The move in tech suggested a pause in selling pressure that followed an exceptionally strong quarter for the sector. After logging its strongest quarterly performance since 2001 in June, parts of the technology cohort had stepped back, but Thursday's gains indicate that concerns about stretched valuations were, at least temporarily, less dominant for investors. The sector, however, remained the worst performer on the STOXX 600 so far this month.

Investor sentiment also received a boost from reporting that China could permit some domestic artificial intelligence firms limited access to Nvidia's H200 chips, a development that could support demand for AI infrastructure equipment.

Energy markets were subdued, with crude oil prices marginally lower. Europe, which imports significant energy supplies, was sensitive to comments from U.S. President Donald Trump about Iran - Trump said Iran wanted to "make a deal" - and to fresh U.S. strikes on Iran after he said a deal with Tehran was over on Wednesday. Those developments had previously contributed to a sharp market reaction, with the STOXX 600 recording its biggest one-day drop since March amid worries over economic repercussions.

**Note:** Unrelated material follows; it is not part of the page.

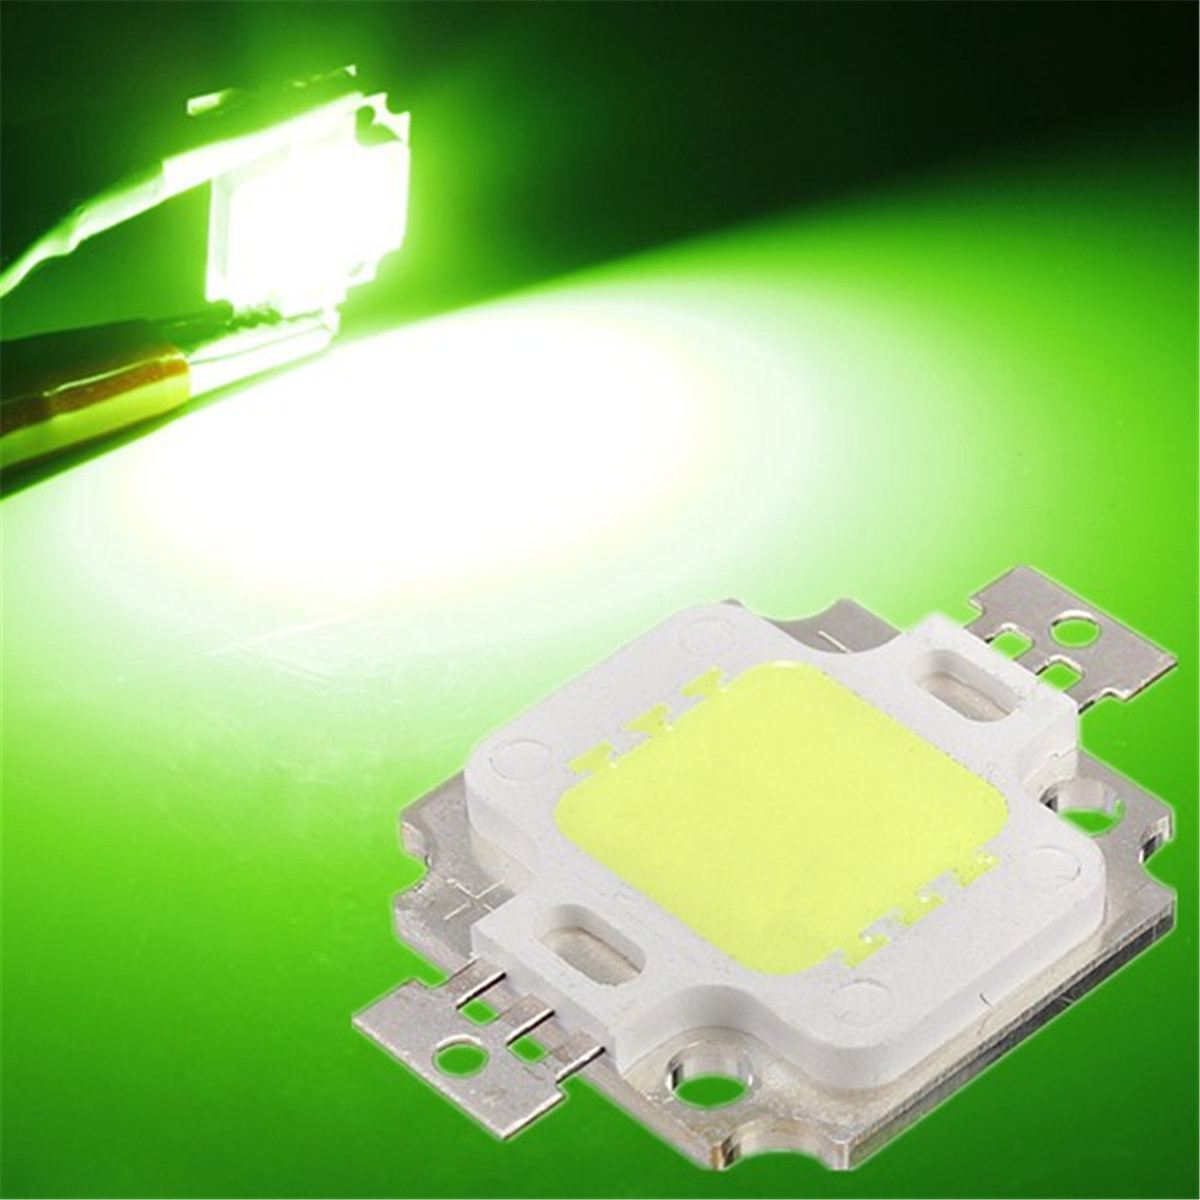 LUSTREON-Multicolor-10W-High-Power-LED-Chip-Ceiling-Down-Flood-Light-Lamp-Accessories-DC9-12V-1039799

Regionally, Spanish stocks outperformed, rising 0.9% and rebounding from a three-week low reached on Wednesday. That slide followed comments from President Trump calling Spain "very generous" in the context of his order to halt trade with the country over its NATO contribution.

Not all moves were positive: AstraZeneca shares fell 8% after its nerve disease drug Wainua - developed in partnership with U.S.-based Ionis - failed to meet the main goal in a late-stage trial. The trial did not show a reduction in cardiovascular deaths and recurring heart problems, prompting the sharp sell-off in the drugmaker's stock.

Overall, trading was choppy as investors balanced a technology rebound and potential AI demand drivers against geopolitical uncertainty and a notable clinical trial setback in the pharmaceutical sector.

Risks

  • Geopolitical uncertainty linked to Iran and recent U.S. strikes could pressure energy and broader markets - energy and broad equity sectors impacted.
  • Elevated valuations in the technology sector may prompt volatility if investor risk appetite weakens - technology and semiconductor sectors impacted.
  • Clinical trial failures can materially affect biotech and pharmaceutical stocks, as evidenced by AstraZeneca's sharp decline - pharmaceutical sector impacted.